▸ Information:
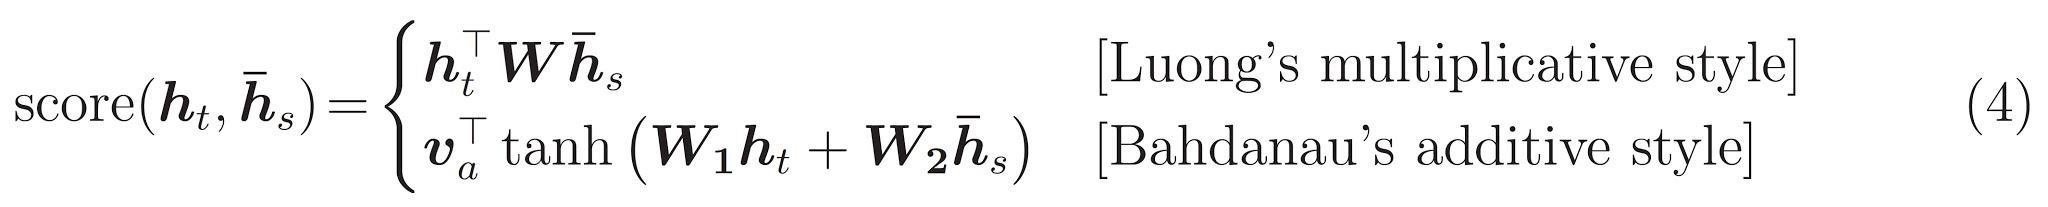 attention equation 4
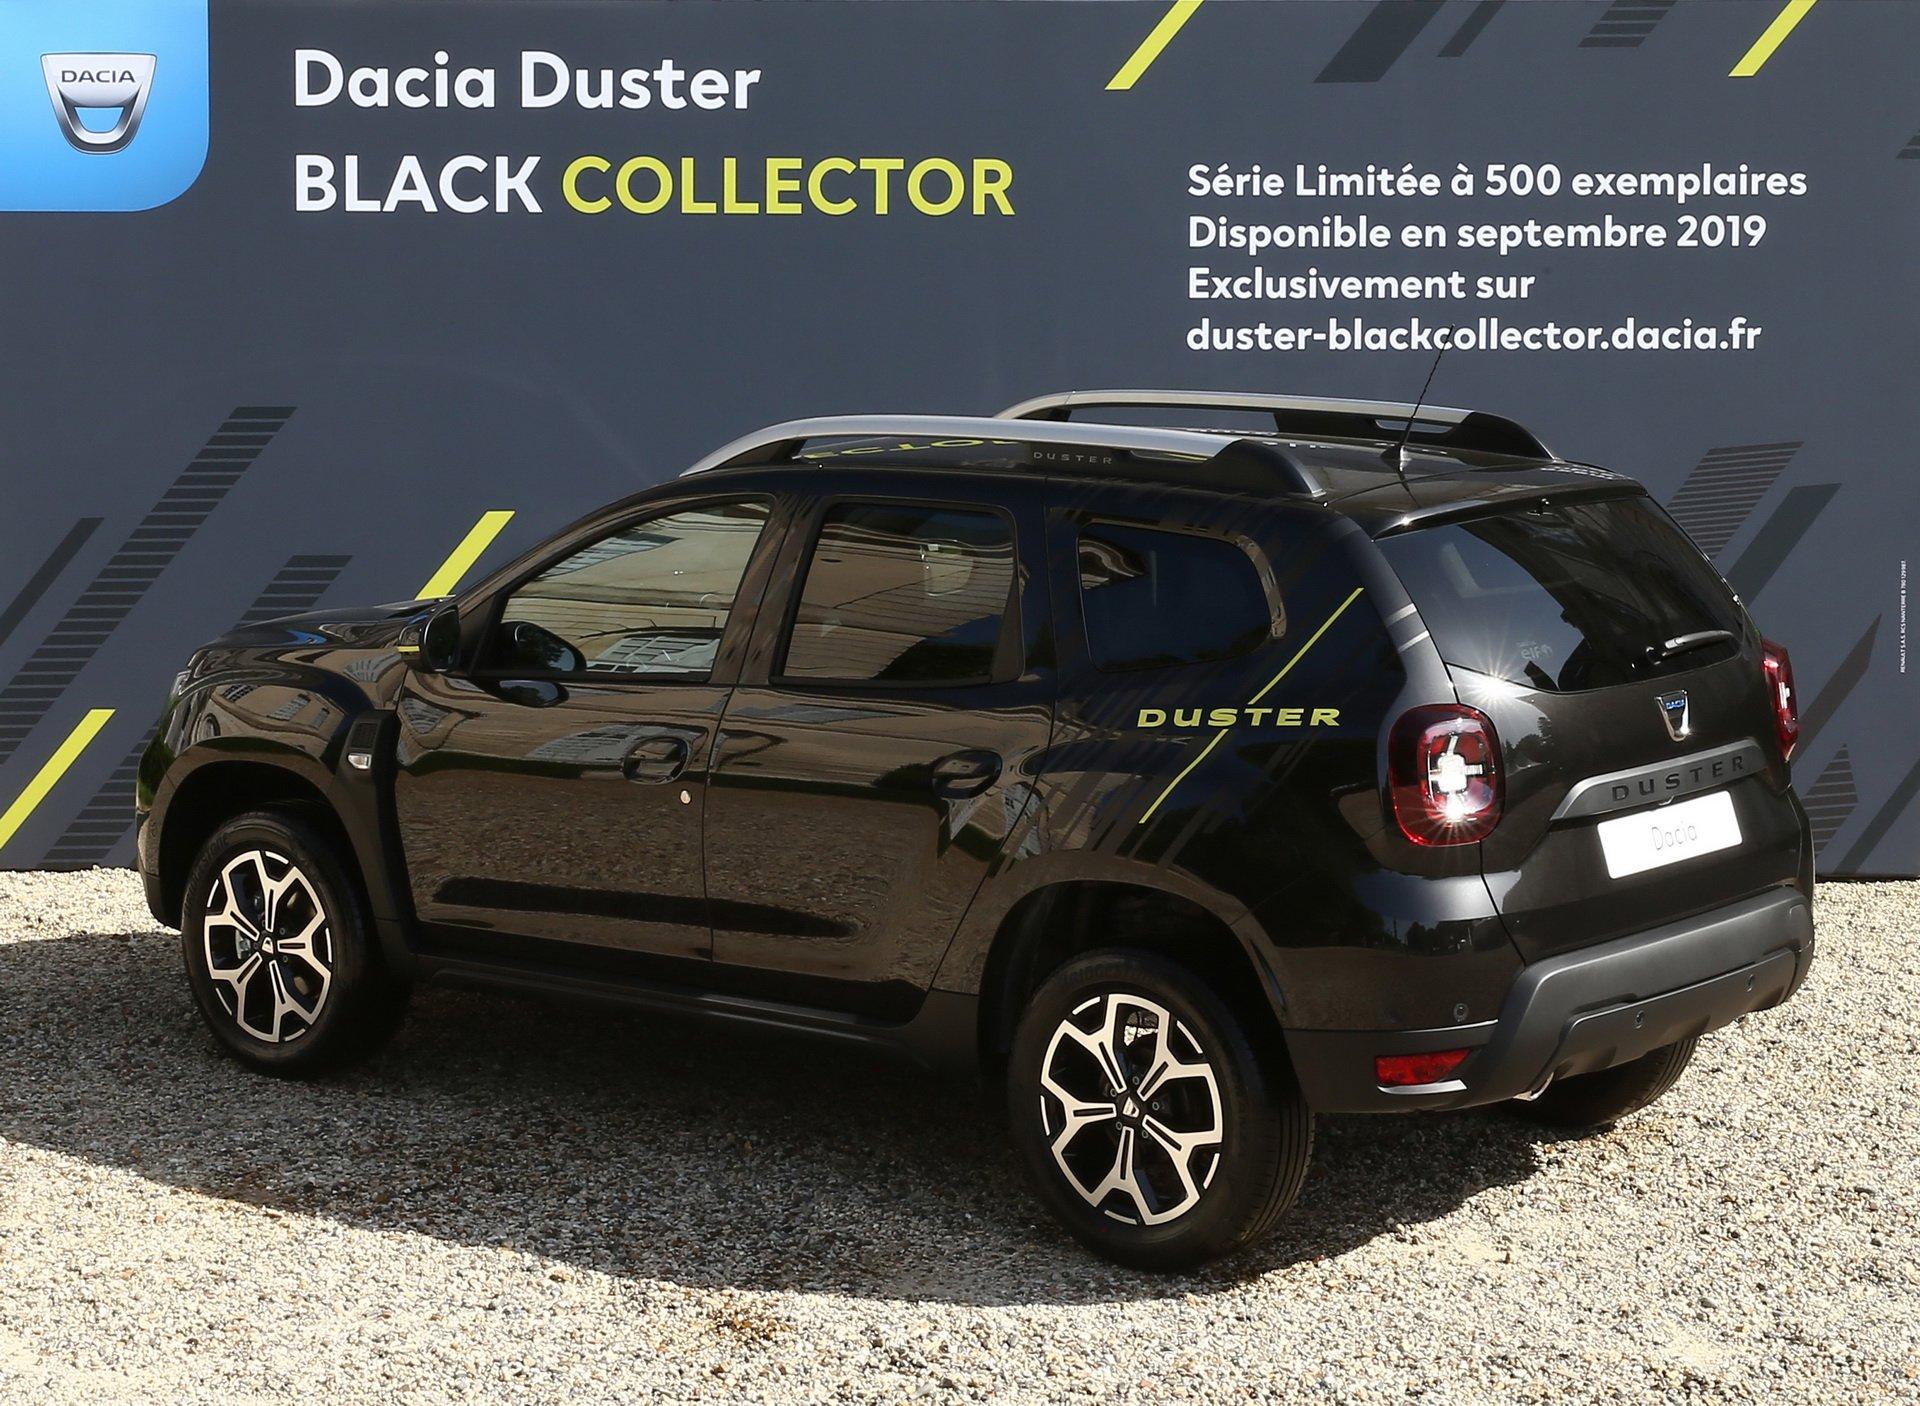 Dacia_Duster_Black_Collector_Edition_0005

...

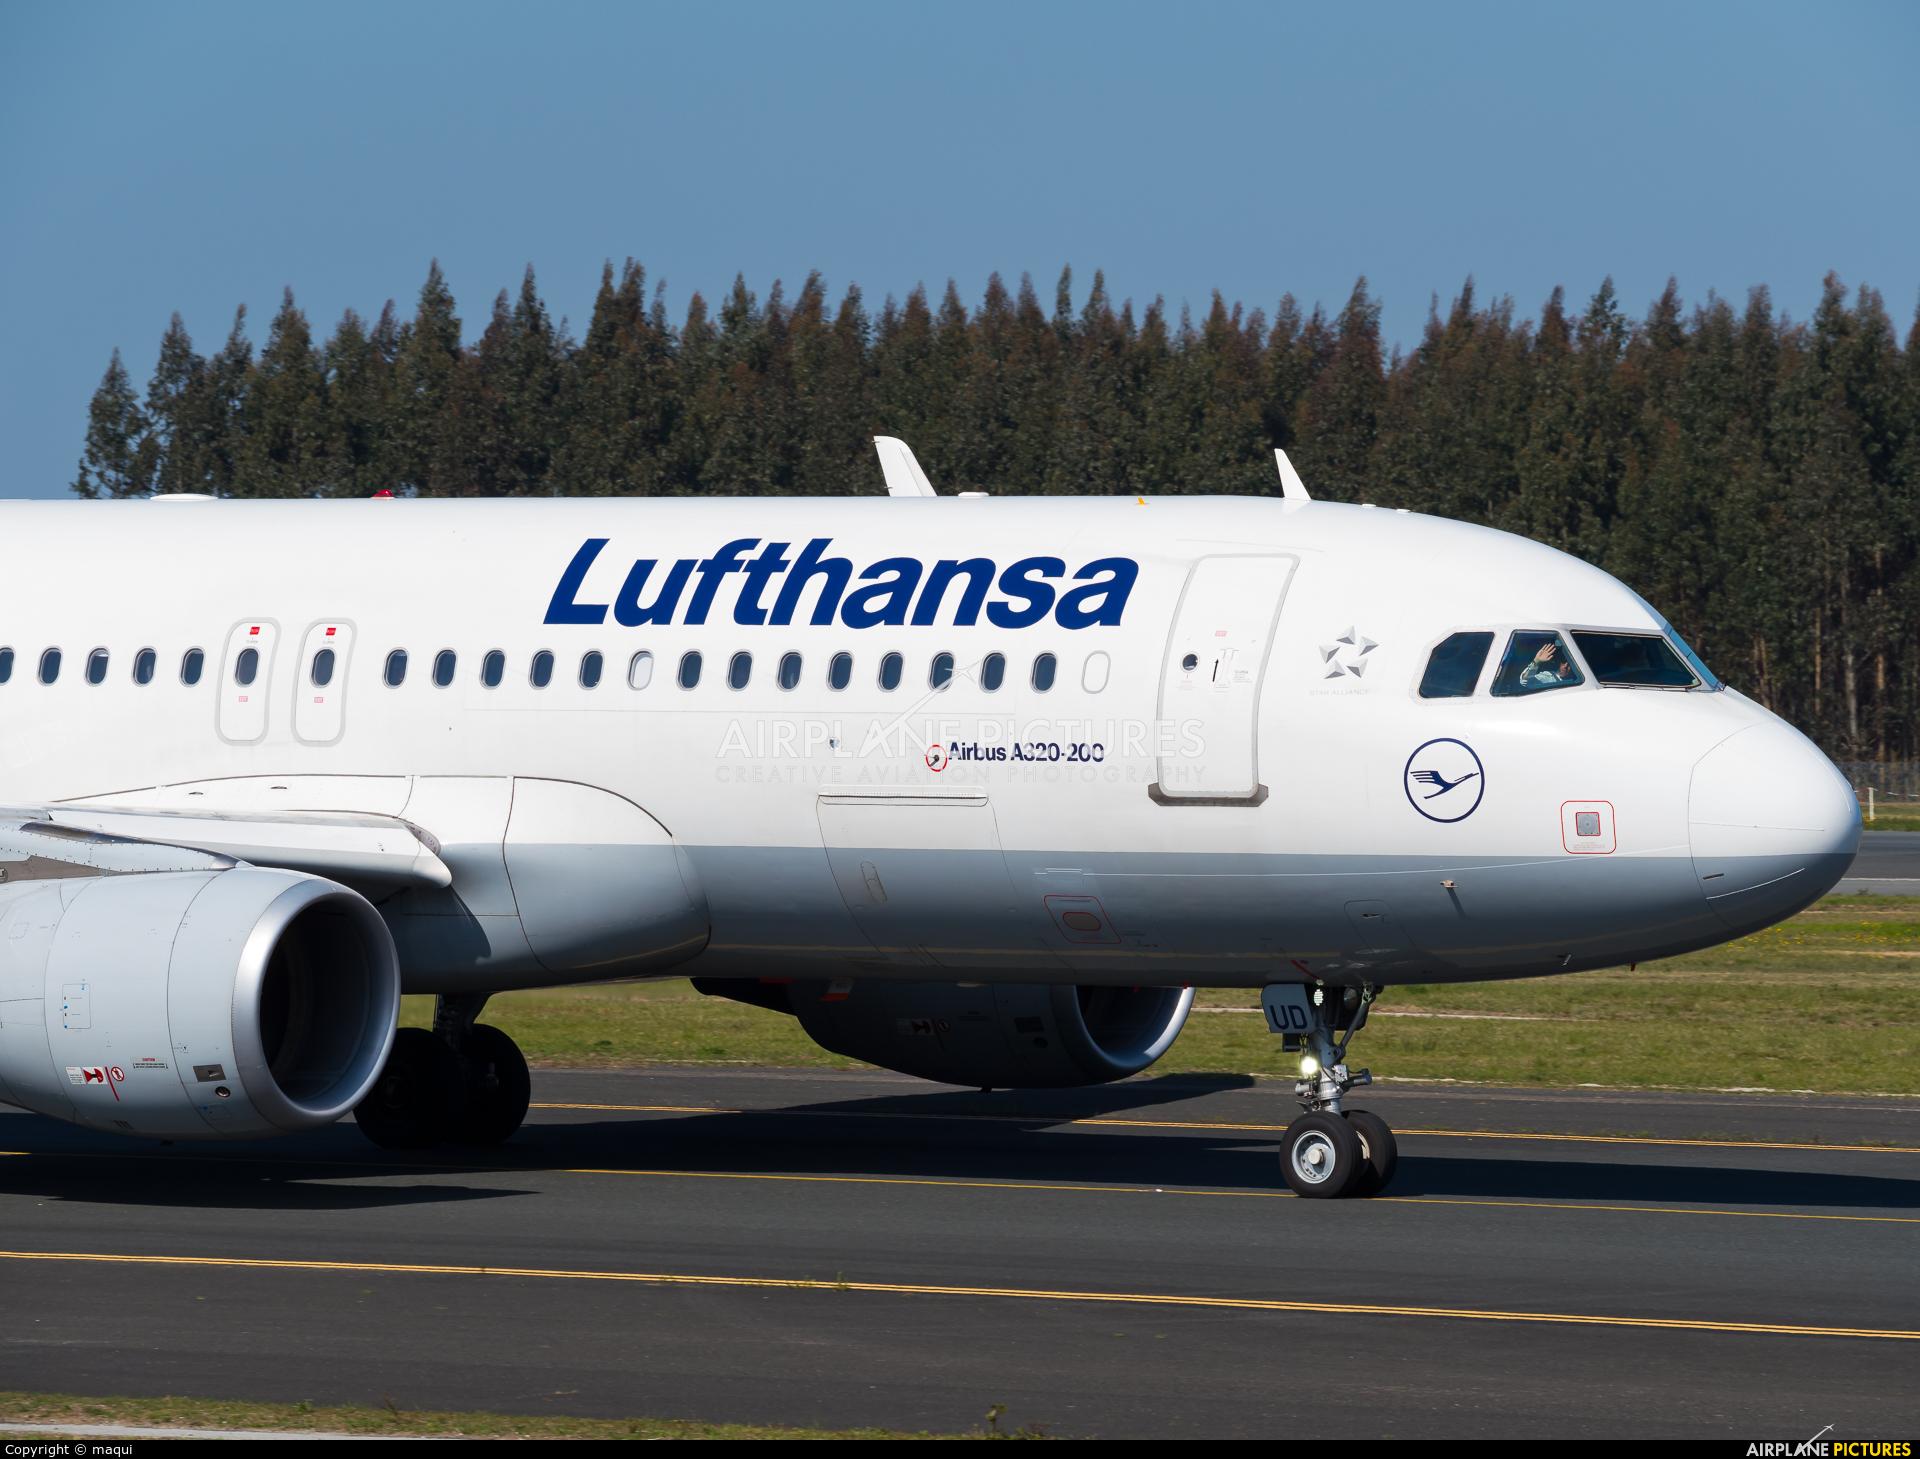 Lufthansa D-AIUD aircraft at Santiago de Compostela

▸ Assignment:
In the listing above, find the line with "attention equation 4" and the line with "Dacia_Duster_Black_Collector_Edition_0005". Copy exactly those two and every line between, without the pictures.

▸ Solution:
 attention equation 4
 Dacia_Duster_Black_Collector_Edition_0005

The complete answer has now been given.